Janna Knittel reading Hospice

Hospice

I’d rather tame a bison bull

than ask,

           

            Is there anything

            you want to say

            before I leave?

 

But I do. He stares ahead,

eyes marbled.

           

            Not particularly.

 

I want to peel off my skin,

turn to smoke, ascend,

but I stay, massage his rusty hands

until I must chase a plane.

 

Over the highway, rags and ashes

reel, unfold,

into a current of crows.

 

A sign on the bridge

over the Clackamas

chastises:

 

Undertow.
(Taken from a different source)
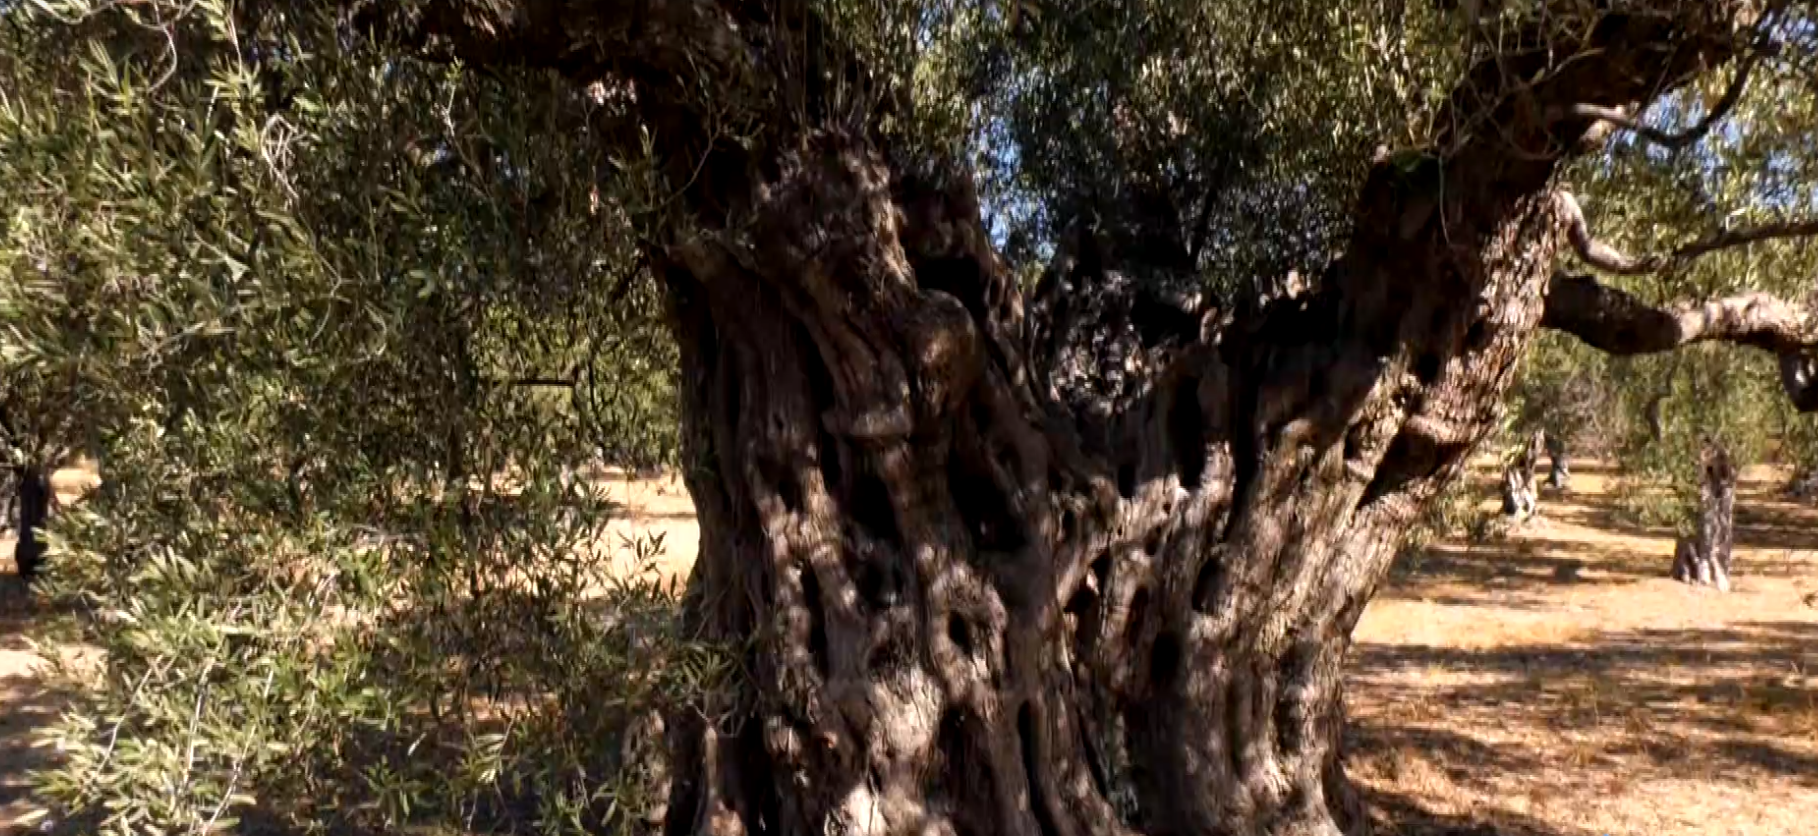 Ο πανάρχαιος ελαιώνας της Μάκρης: Ένας μοναδικός τόπος με δέντρα 2.500 ετών που προκαλεί δέος
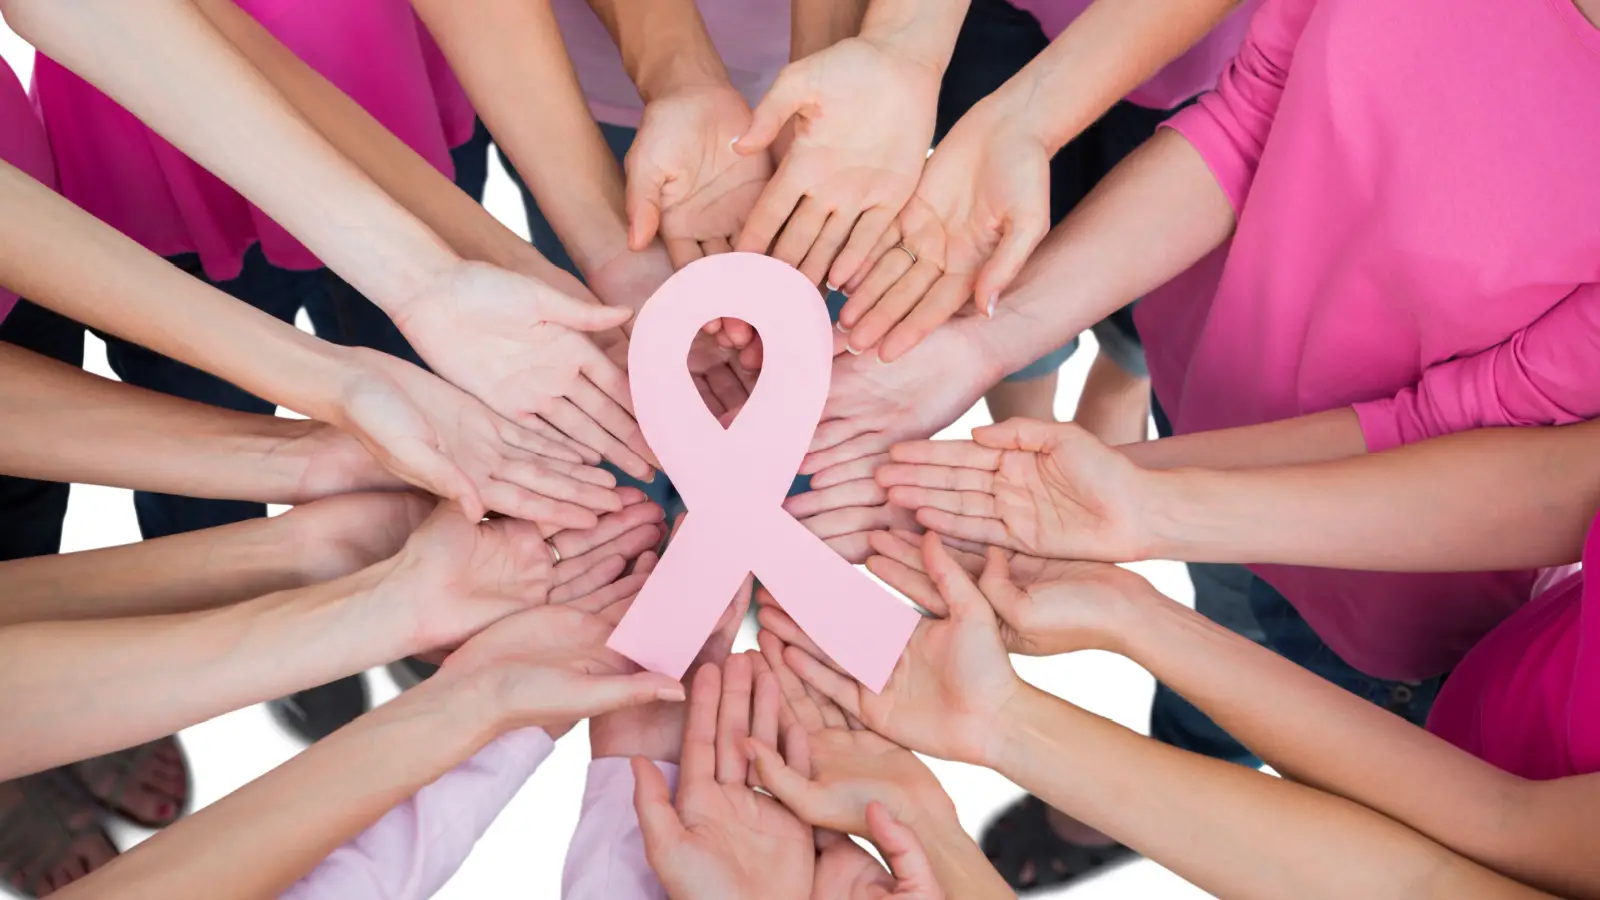 ما خطوات فحص سرطان الثدي الذاتي؟

Rocks.

Cold Shock.

Swim at Your Own Risk.

Janna Knittel lives in Minnesota but still calls the Pacific Northwest “home.” Janna is the author of Real Work (forthcoming from Nodin Press, 2022) and Fish & Wild Life (Finishing Line Press, 2018) and has published in the journals Between These Shores Literary and Arts Annual, Blueline, Constellations, Cottonwood, North Dakota Quarterly, and The Wild Word as well as the anthologies The Experiment Will Not Be Bound (forthcoming from Unbound Editions, 2022) and Waters Deep: A Great Lakes Anthology (Split Rock Review, 2018). Recognition includes grants from the Minnesota State Arts Board and the University of Minnesota College of Liberal Arts.